黒い衛生局員
ドーム状の積層構造を持つその建造物は一階。天井は遥かに高く、密閉された空間に外日は射さない。等間隔に吊るされた明色蛍光の灯が、くすんだオレンジの光を当階全体に僅かながら与えている。
がらんどうのような空間。広大だが何もなく、寒々しい。元は何の為の施設だったのか、今の状態からは判別出来ないほど。天蓋や壁と同じ鋼質な素材で設えられた床には、長い時間をかけて堆積した埃が、薄汚れた絨毯のように敷かれている。
外界から隔絶された空虚な世界、時間も何も存在しないような其処に、二つの不似合いなモノが在った。一つは空間の北側に設置されている昇降機。手入れのされていない鈍色の柵に囲まれた、階下へと通じる唯一の通用路だ。
普段ならば周辺の床と同じに定点へ嵌め込まれている移動床部が、今は存在しない。大人でも四、五人は余裕を持って乗れるだろうスペースの床が、柵に囲まれた一部分だけ消失している。本来床の在るべき其処には穴が開き、漆黒の口が覗いていた。
その穴の下方から微かに聞こえるモーターの駆動音が、死に満ちたが如く静然とする空間に、生の気配を感じさせるが故に異質。

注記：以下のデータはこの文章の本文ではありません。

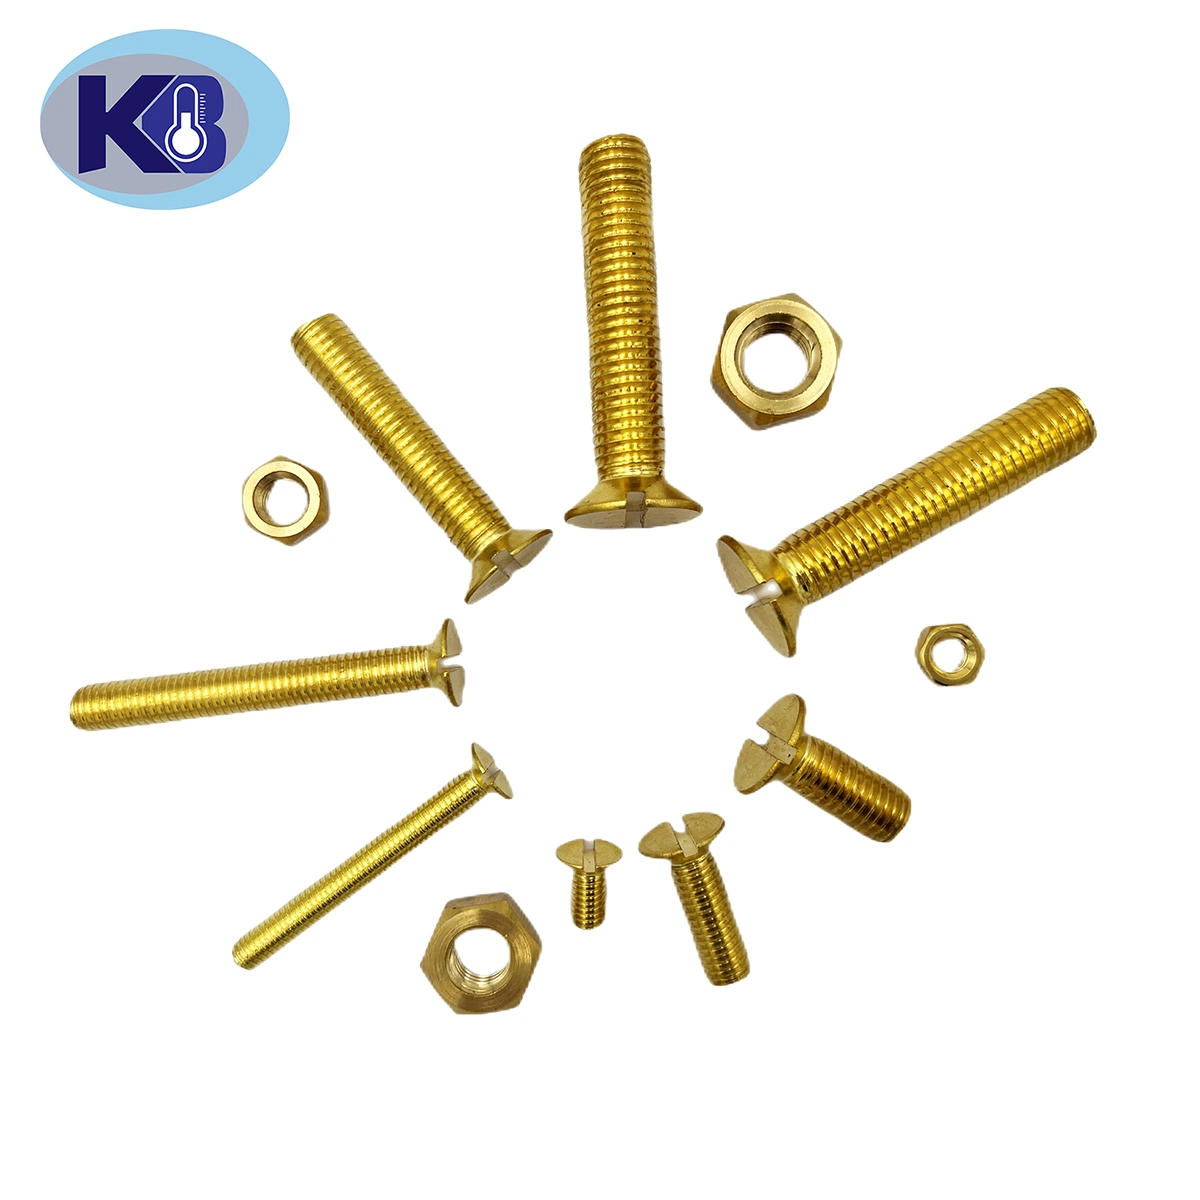 Stainless Steel Bolts/Hexagon Head Bolt and Nut/Carriage Bolt/U Bolt/ Hex Flange Bolt/Anchor Bolt /Eye Bolt/Hex Flange Nuts/Flat Washer/Spring Washer/Stud Bolts

もう一つは、稼働中の昇降機より数m離れた位置から、在るか無いかというワイヤーの巻き取り音へ耳を澄ませ、昇降機自体を見詰める者の存在。首から爪先までをメタリックブルーのライダースーツで覆い、頭部にはフルフェイスヘルメットを被っている。
肌の露出は一切見受けられない。顔すらも判然としない。身長は166cm程だが、それだけでは男なのか女なのかも定かでない。二本足で立つ姿から、人間でだろう事だけが理解出来る。

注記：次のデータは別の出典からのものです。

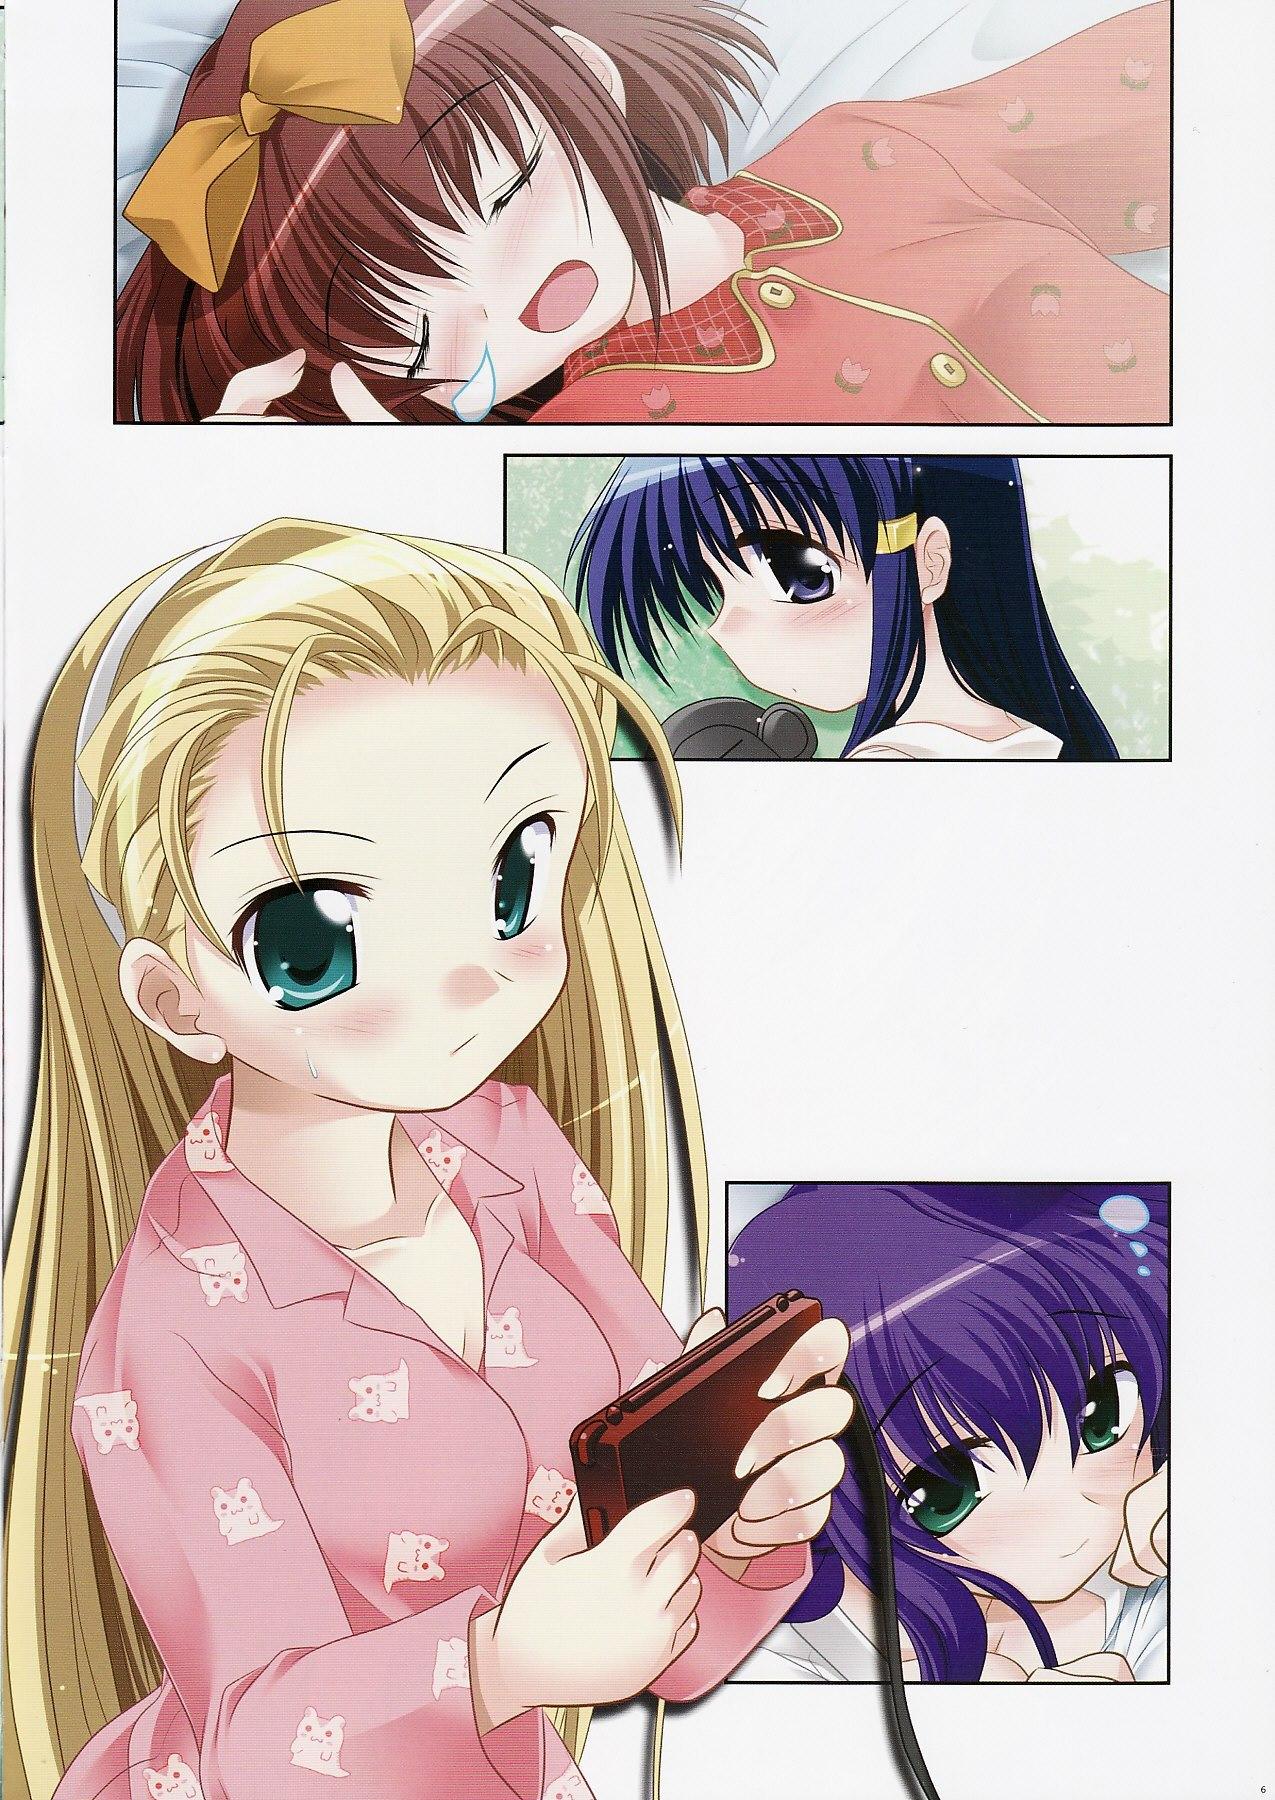 Mexicana Purimo#4 - Kanon Clannad Little busters Doggystyle - Page 7

その者の傍にはバイクがあった。蒼と黒のカラーリングをした、かなり大型のバイクだ。装甲じみた分厚いフレームに囲まれ、電磁加速性コイルによって作られたタイヤを持つ。外観から既に規格外のチューンが施された、凡そ市販品では在り得ない機体。
そんなバイクを傍らに、ライダースーツの者が見遣る昇降機へ変化が訪れる。隙間風のように微かだった駆動音が低く唸る様な鳴動に変わり、程無くして無音に達す。音の消失は装置の停止を知らせ、その結果がそれを見る者のヘルメットバイザーへ映っていた。

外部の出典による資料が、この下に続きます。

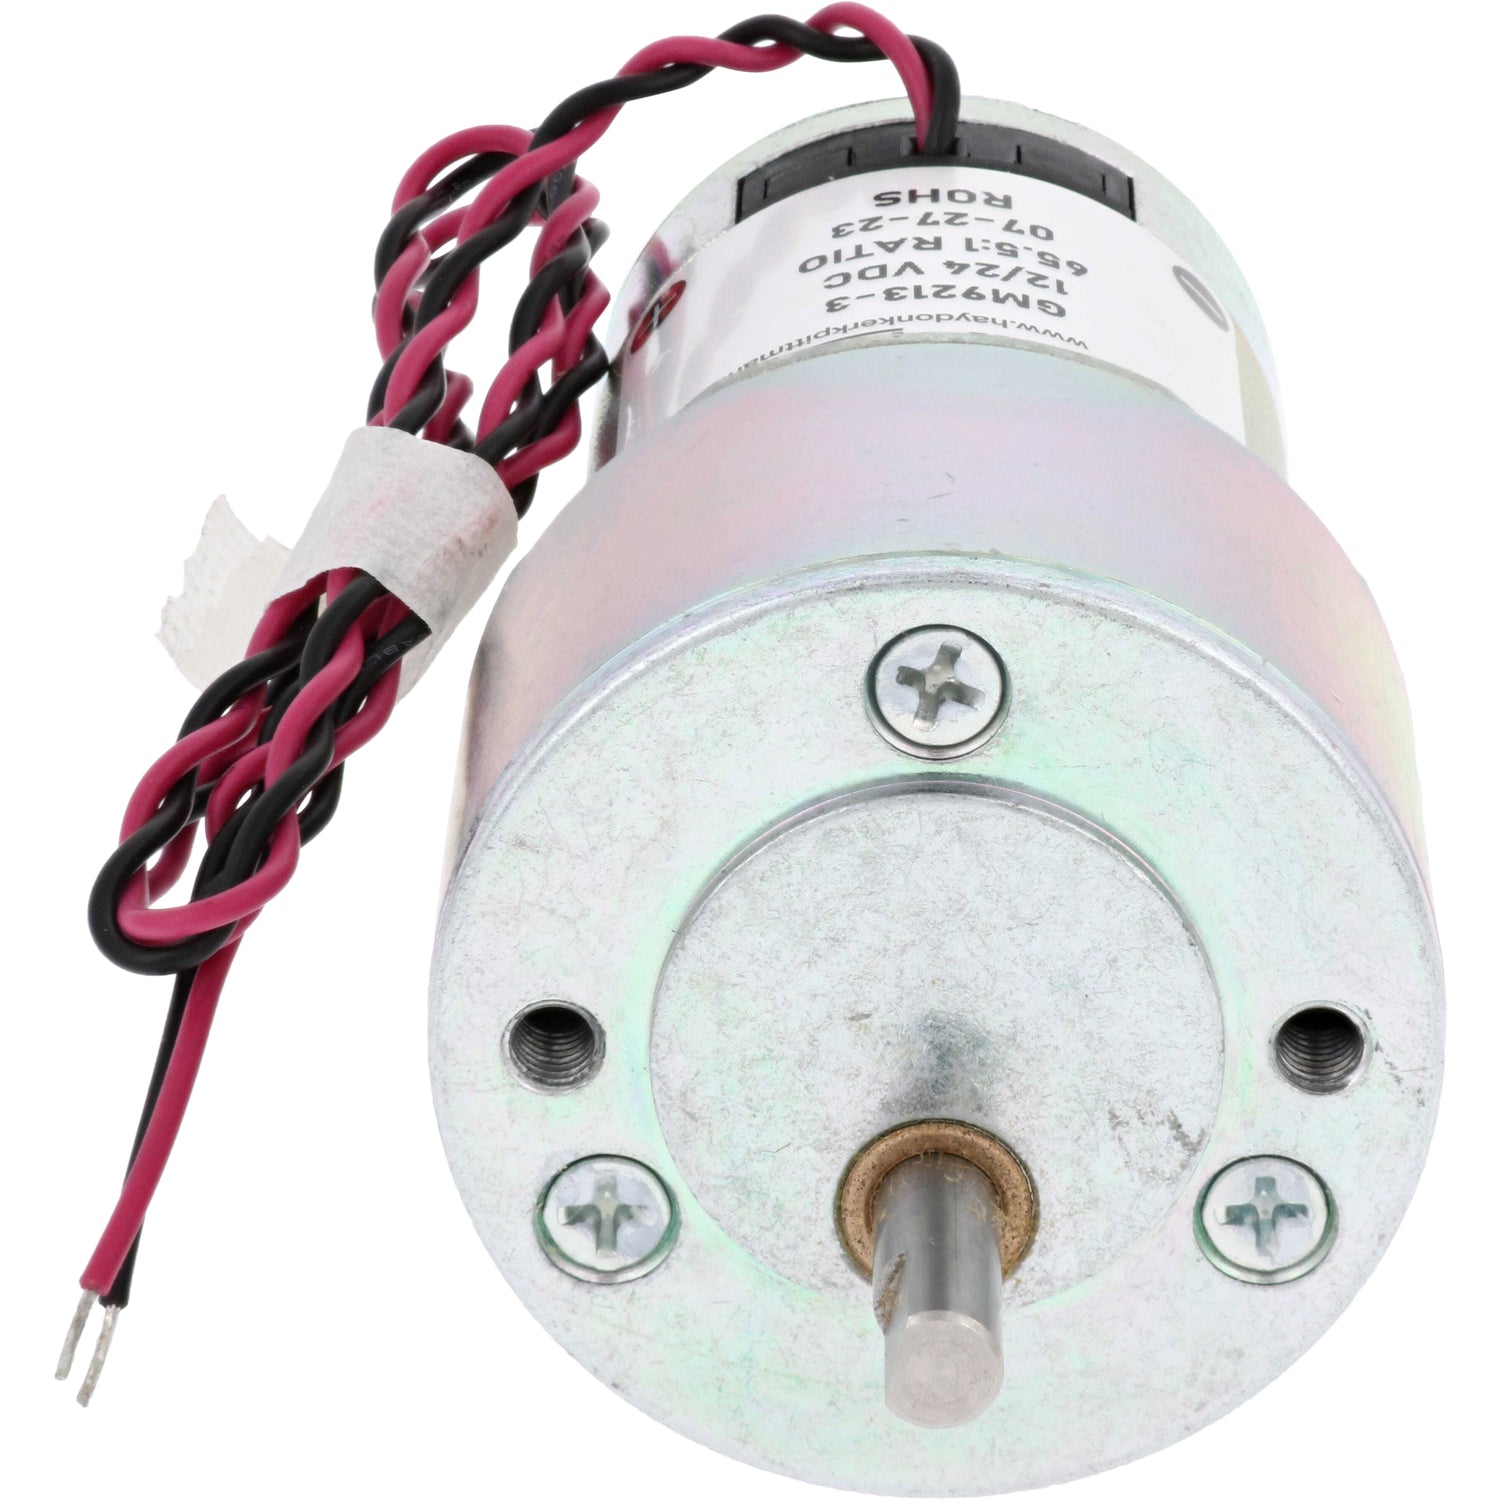 Mini gear motor with red and black wires on white background.

漆黒の穴蔵は今や閉じ、その蓋として階下から昇ってきた移動床部には、四つの人影が乗っている。前方に三つ、その後へ隠れるようにして一つ。
三つの影は時折明滅する頭上からの光を受け、薄暗い闇から全容を露にした。三者三様ながら、等しい中背で細身の男達。着衣はボロ雑巾の如く破れるや汚れ果て、衣服としての機能を殆ど失っている。
しかし彼等にそれを気にする風はない。それどころか、他の事を考えている様子すら皆無である。三人ともに共通して眼は虹彩を失い、死魚のそれと同じに濁り淀んでいた。全身の皮膚は随所が水泡の如く膨れ、或いは腐敗し、正気を失い兼ねない程の臭気を放っている。どう贔屓目に見ても異常、真っ当な人間の姿ではない。
三つの人型はだらしなく口を開き、呻く様な音を零しながら、赤ん坊が始めて歩いた時のようにたどたどしい足取りで、ゆっくりと前進を始めた。両肩を揺らしながらバランス悪く歩く様は、酷く不恰好であり、異様で気味が悪い。
ライダースーツの者は、バイザーに出来の悪い傀儡人形を思わせる三体の姿を映したまま、黙して佇んでいる。が、不意に右手を動かし、ベルトに付与されているホルスターへと五指を滑り込ませた。
一瞬とて無駄のない迅速で、且つ的確な動き。右手は正確に最短距離を下り、最初に人差し指がトリガーへ、次いで中指・薬指がグリップに届く。手に質感を得るや否や、ライダースーツの者はそれを素早く引き抜いた。極自然な動作で、それが当たり前であるかのように、独特の形状をした一個の物体は、持ち主の目線の高さへと移動を果たす。
瞬動の間に右手へと握られたのは、漆黒の輝き放つ大口径の銃。漆黒の材質で仕上がるそれに特別な意匠はなく、長大で無骨なフォルムは相当な重量感を思わせた。夜闇を溶かし込んだような銃身には『CRV』の英字が刻まれている。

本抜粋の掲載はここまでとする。